Task details —
One part of the entries below is wanted: the lines from the one containing "Batman arkham origins" through the one containing "Kairos Palestine logo from GM website 2020". Write those out exactly and nothing else.

___ Source material ___

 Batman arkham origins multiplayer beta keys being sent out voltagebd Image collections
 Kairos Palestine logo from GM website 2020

___
___ Source material ___

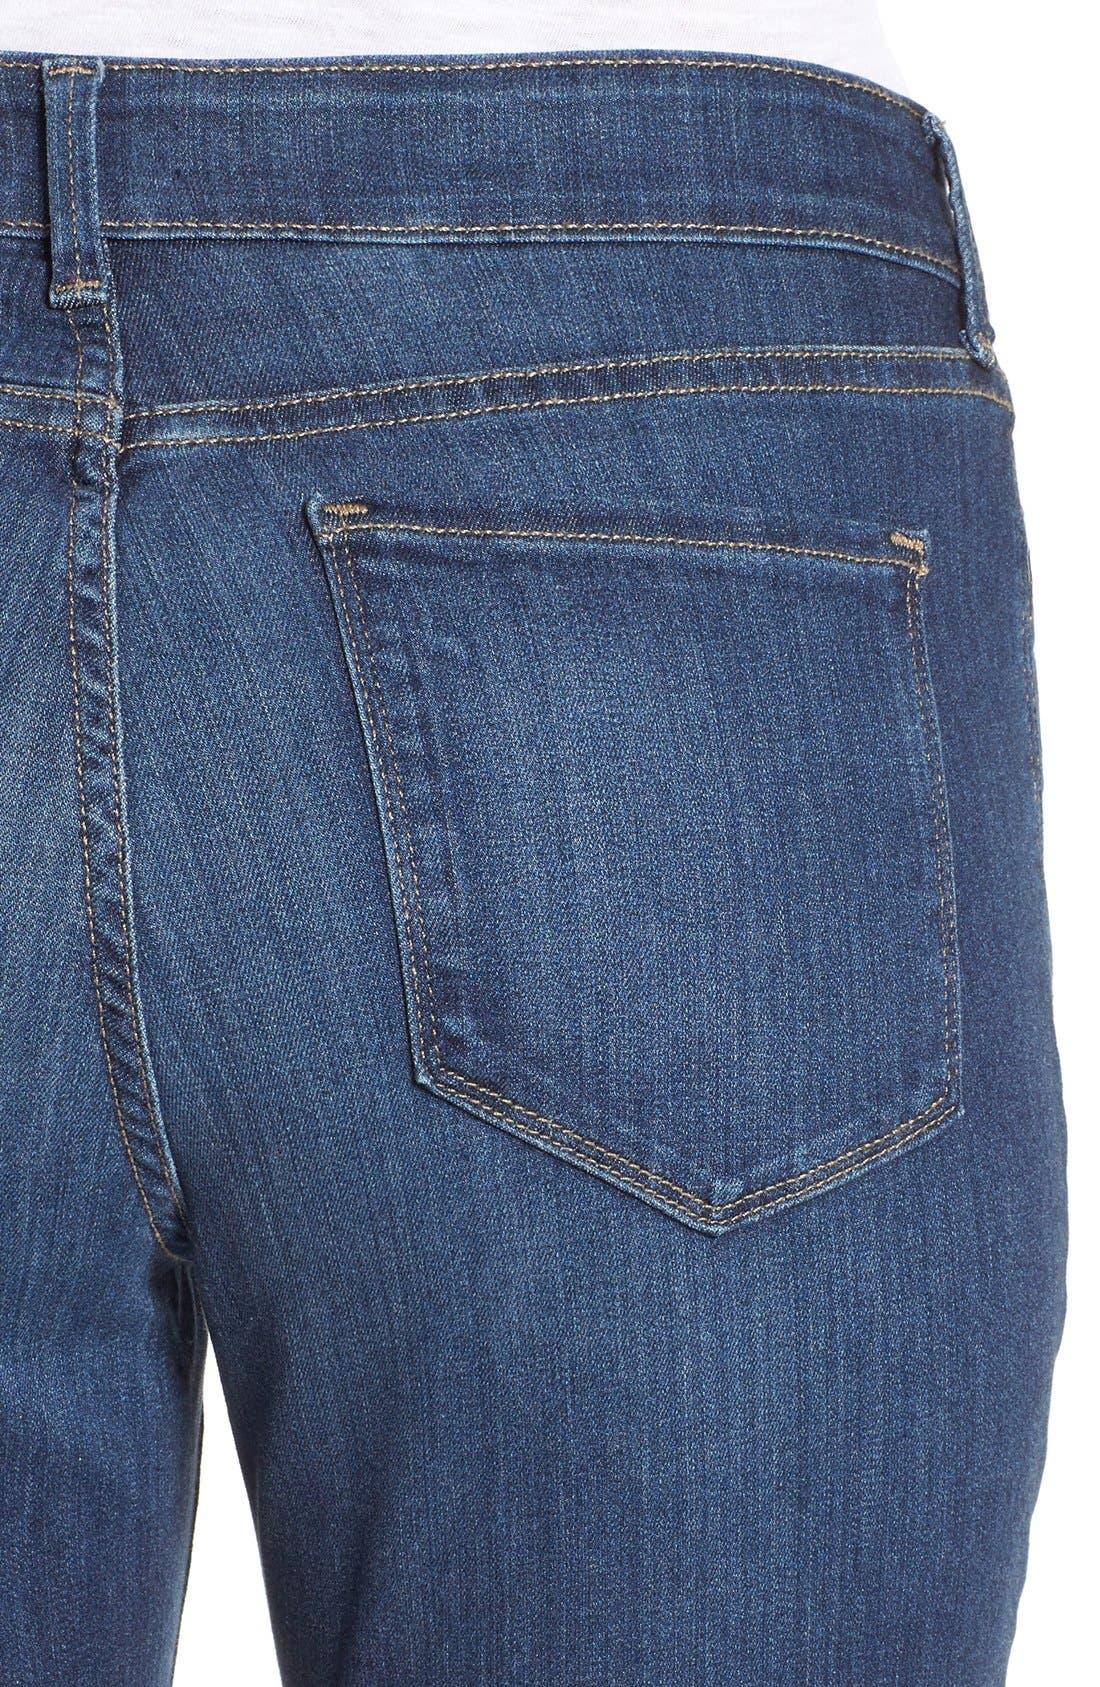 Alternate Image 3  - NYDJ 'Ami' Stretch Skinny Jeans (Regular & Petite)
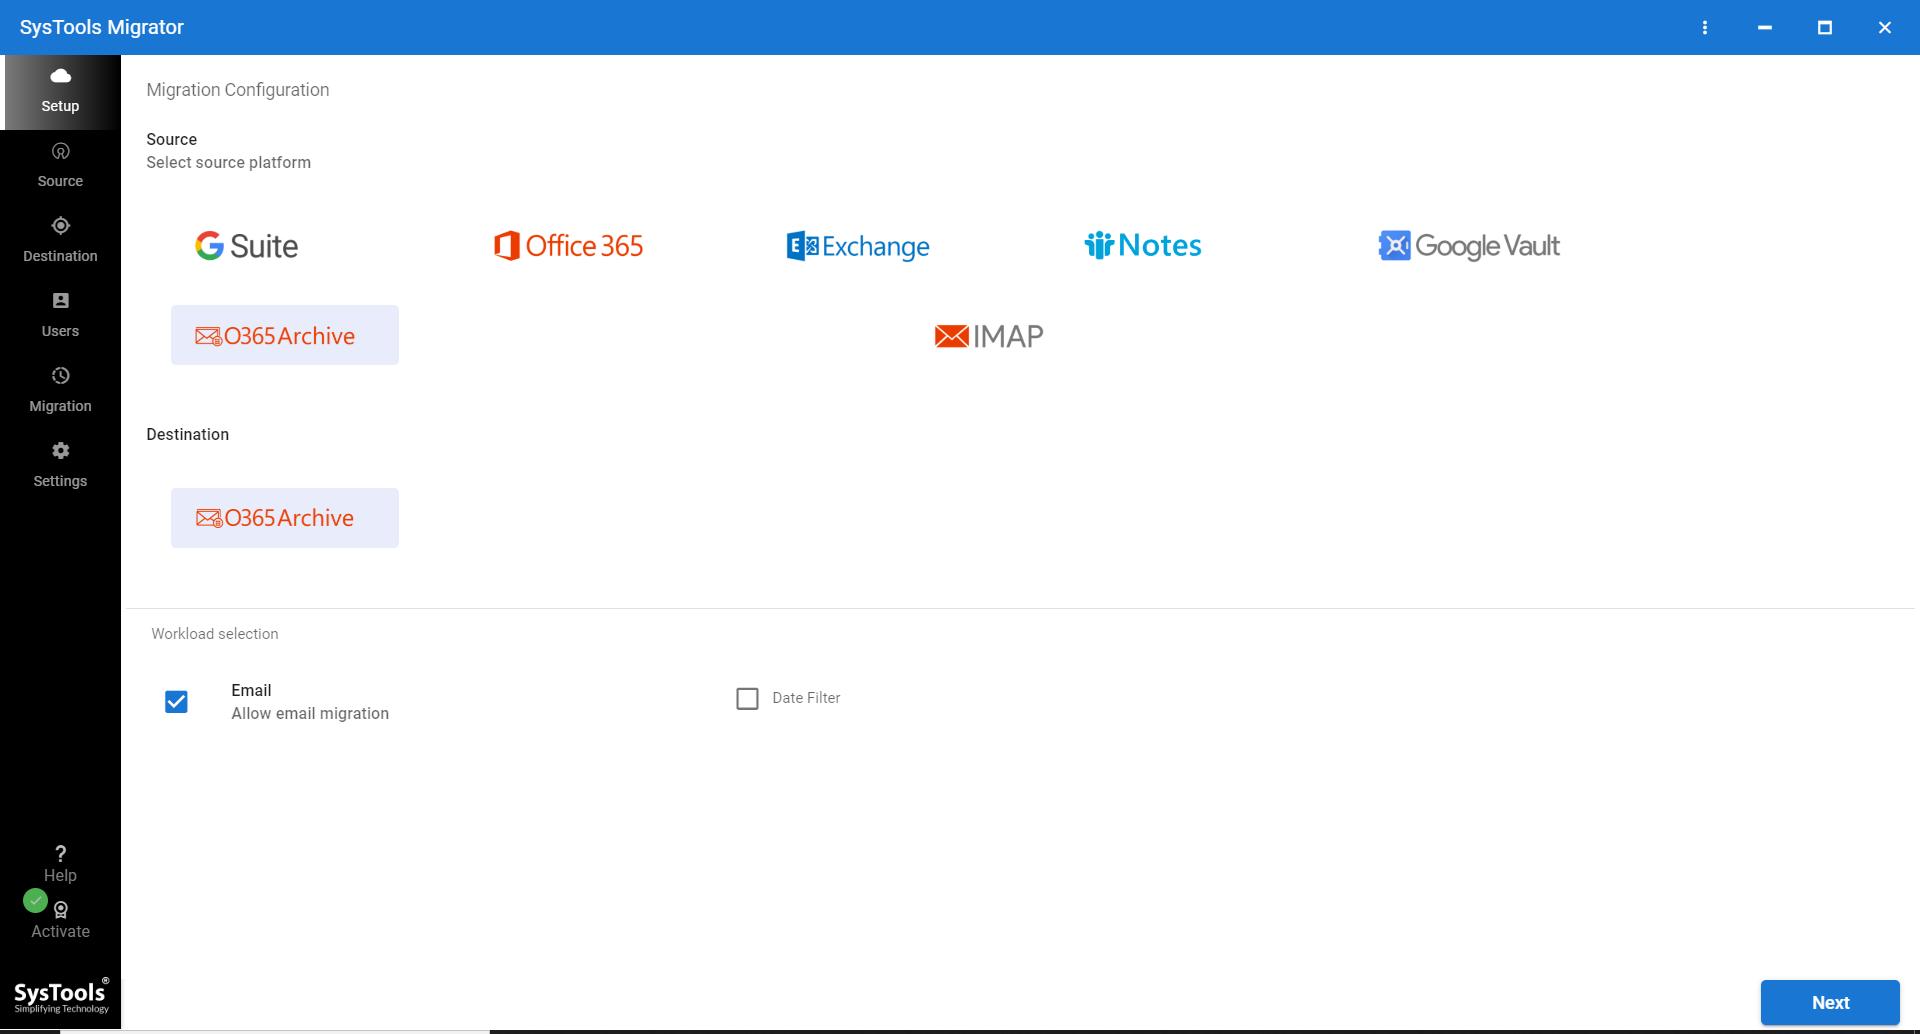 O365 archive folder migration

___
___ Source material ___

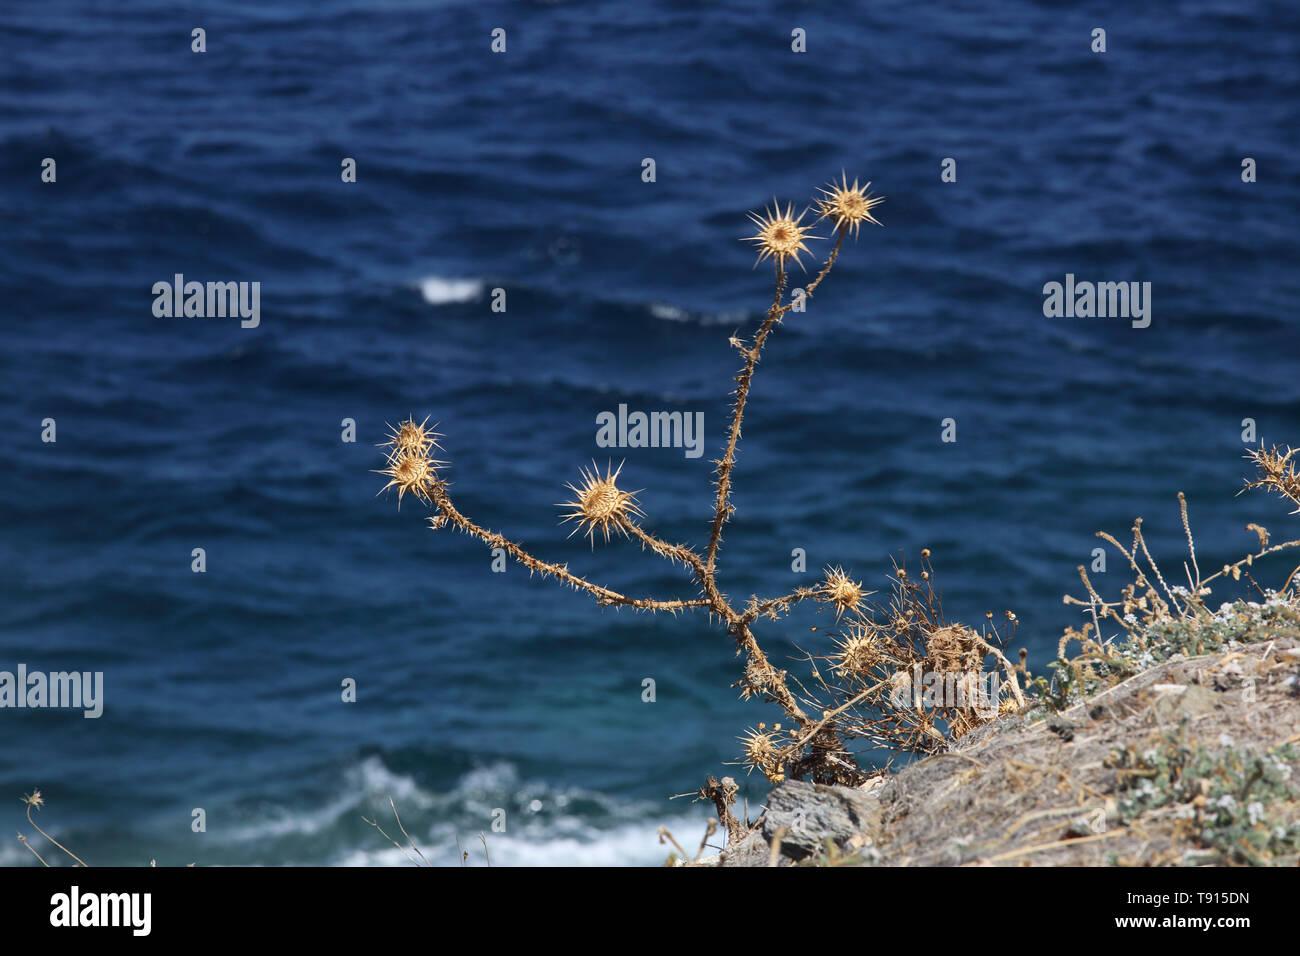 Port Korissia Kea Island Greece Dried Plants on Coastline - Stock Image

___

Task result —
 Batman arkham origins multiplayer beta keys being sent out voltagebd Image collections
 Kairos Palestine logo from GM website 2020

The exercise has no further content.